OVERSEAS: Stocks in Europe fell broadly as Germany’s economy contracted to its lowest level in nearly seven years, according to IHS Markit. Germany is Europe’s largest economy and often acts as a gauge for the continent’s economic health. The latest data adds to worries that Europe is facing a slowdown in economic growth. The European Central Bank is urging governments to spend more on stimulus as economic growth stalls.

Asian stocks edged lower.

MARKET WORRIES: Stocks are coming off of their first week of losses after three straight gains and investors are keeping a close watch on the United Nations General Assembly this week.

Oil prices and the energy sector could experience more volatility as President Donald Trump seeks a coalition to confront Iran after the U.S. blamed it for last week’s strike on a Saudi Arabian oil facility.

Prospects for a trade war resolution seem to have once again cooled following comments by Trump that he doesn’t necessarily need to make a deal before the next U.S. elections in 2020. Chinese officials canceled a planned trip to farms in Montana and Nebraska, an action that raised concerns of yet another halt in trade negotiations.

U.S. and Chinese officials are expected to meet in October to restart trade talks.

THINLY STOCKED: E-commerce company Overstock.com fell 15.2% after the company cut its financial forecast partly because tariffs have increased the costs of goods from China.
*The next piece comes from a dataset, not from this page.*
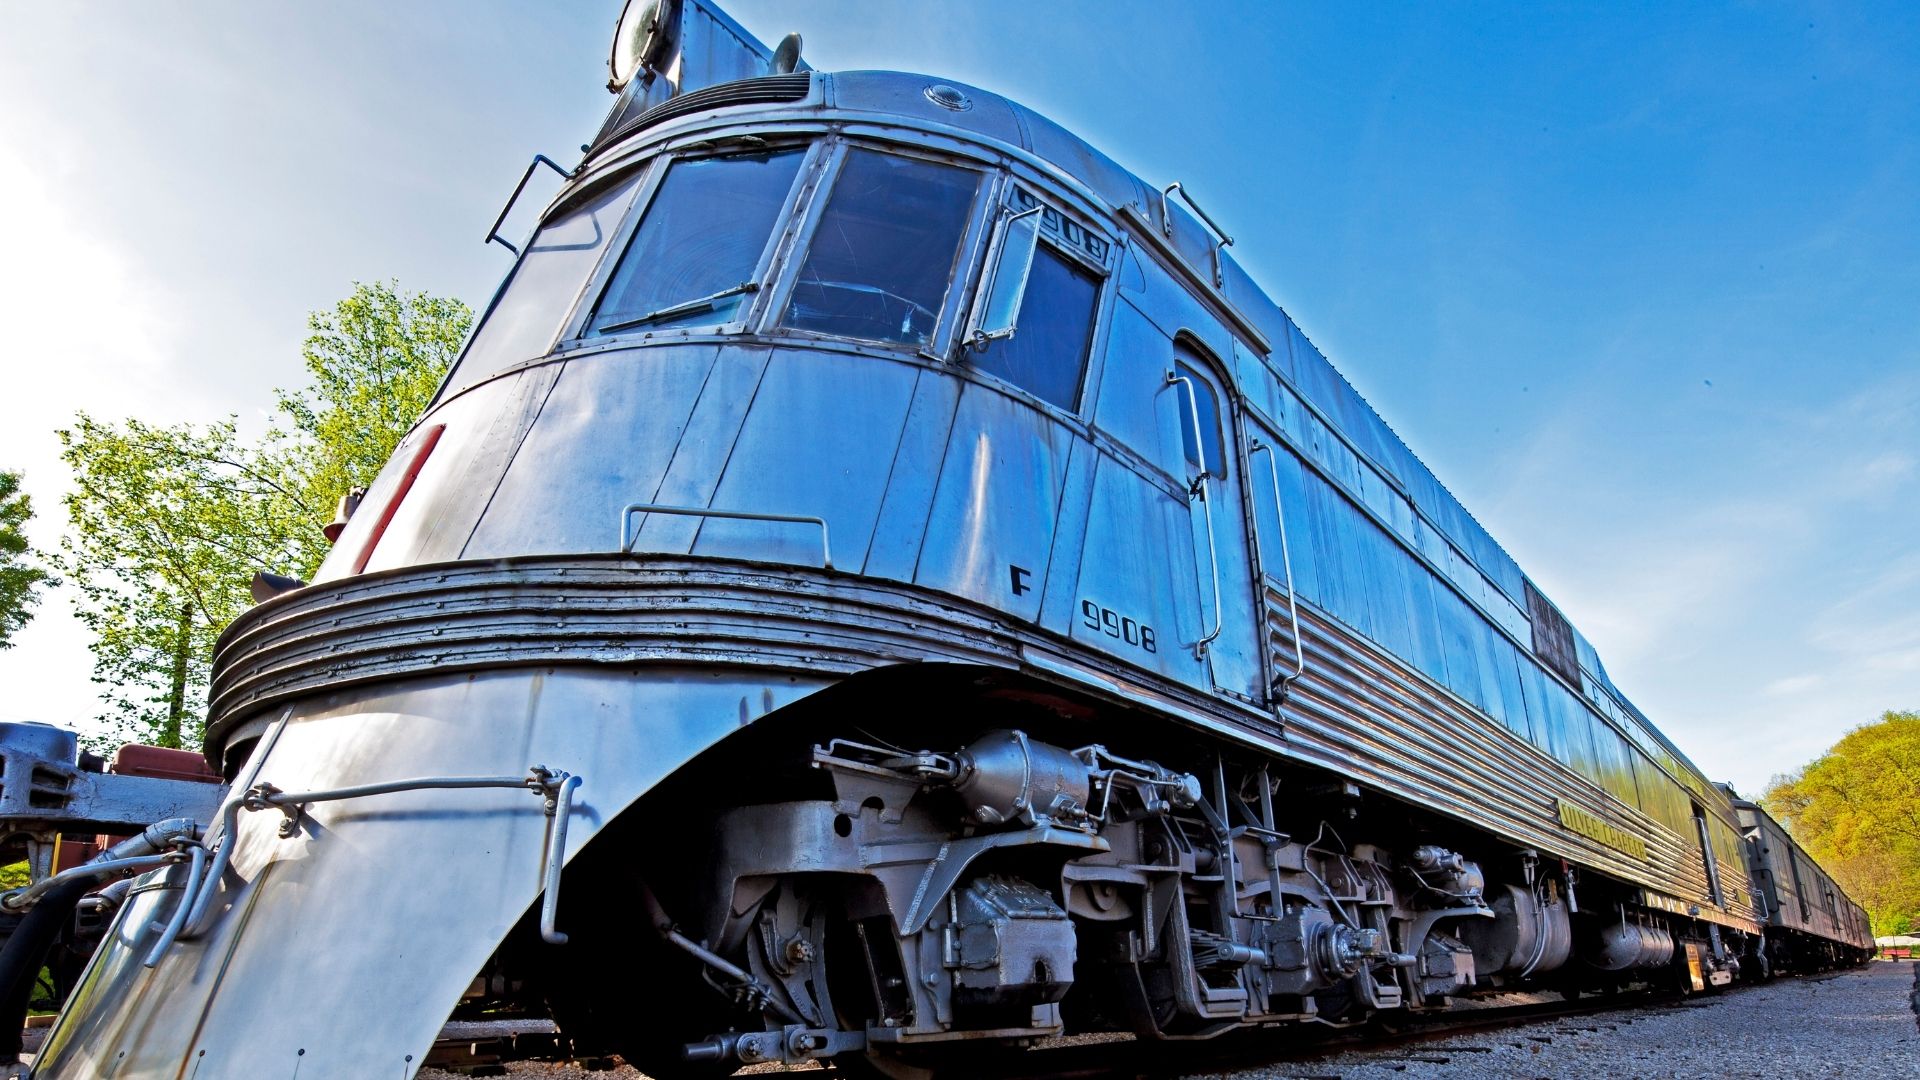 Visitors can get up close and personal with trains at the National Museum of Transportation.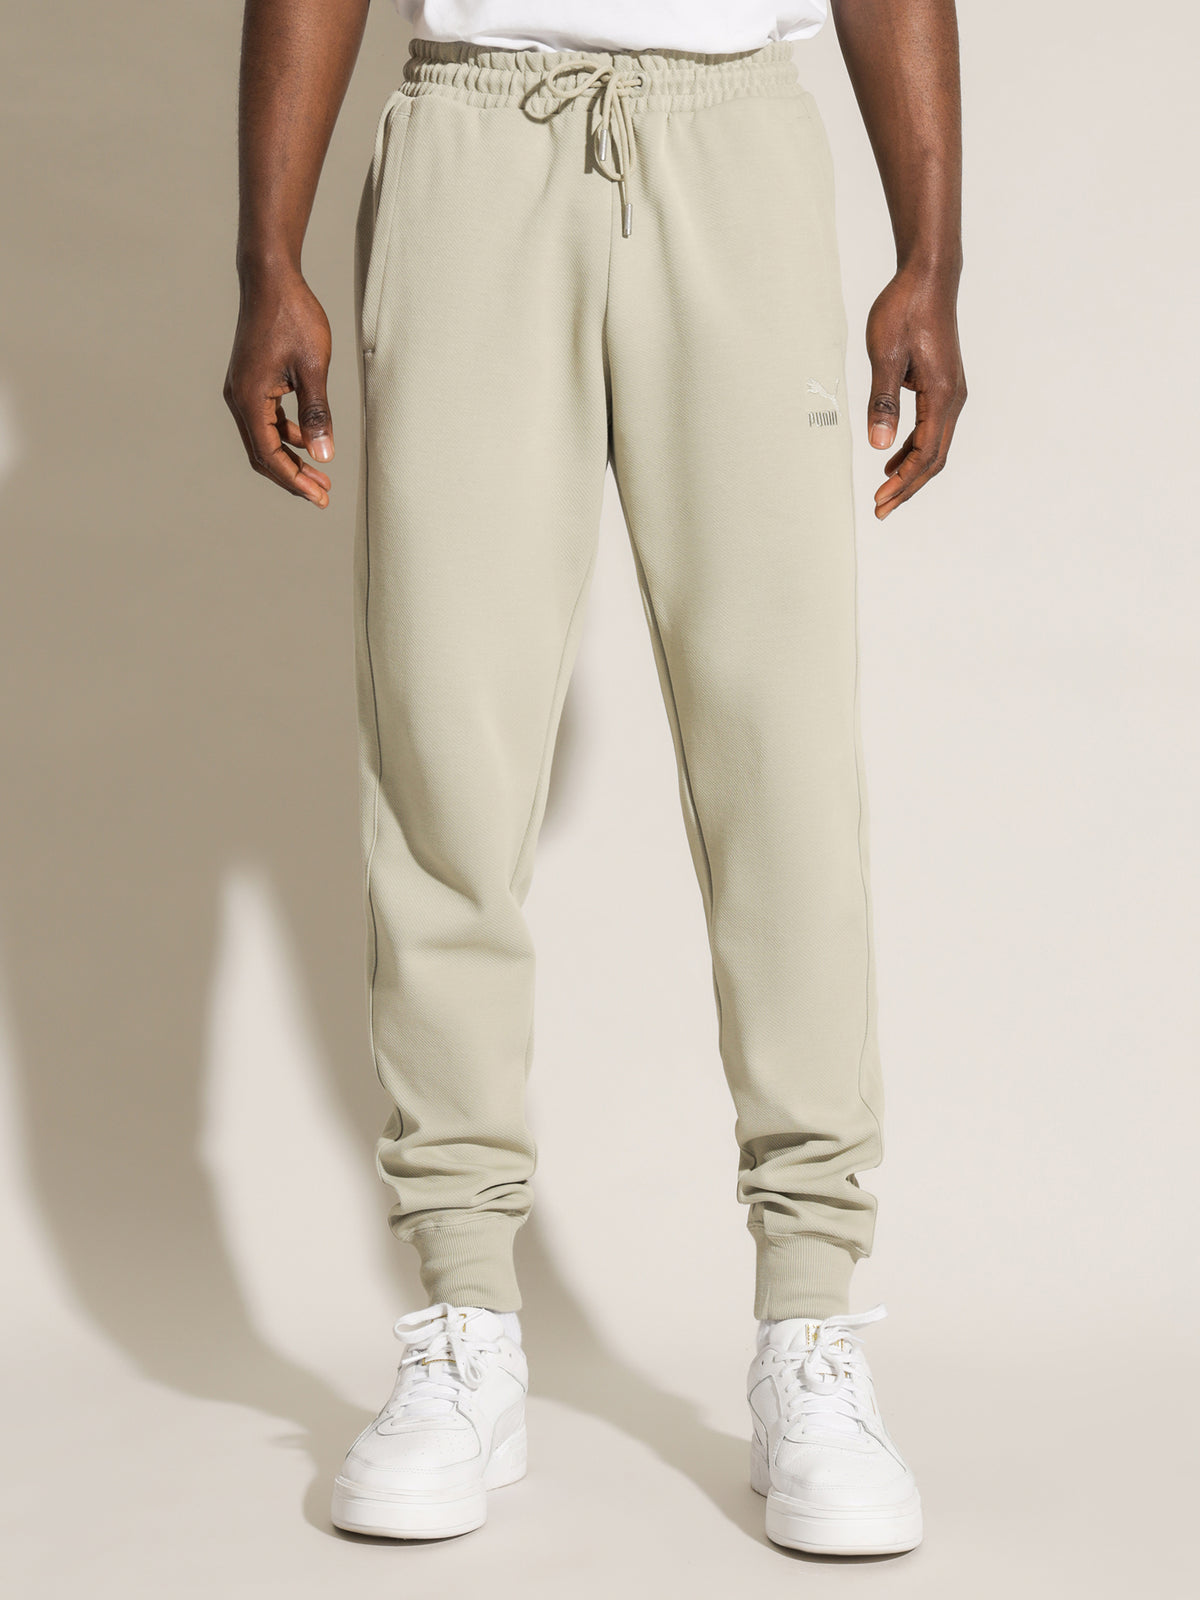 T7 Track Pants in Pebble Grey

It also named Jonathan Johnson as its new CEO. He has been acting CEO since August when Patrick Byrne resigned.

CRYPTO FUTURE: Intercontinental Exchange Inc., the owner of the New York Stock Exchange, entered the bitcoin futures game over the weekend. Bakkt Bitcoin Futures contracts are trading in ICE’s federally regulated markets and are payable in digital currency. Bakkt is the firm behind the contracts. Competitor CME Group launched its digital currency futures in 2017 and those are payable in cash.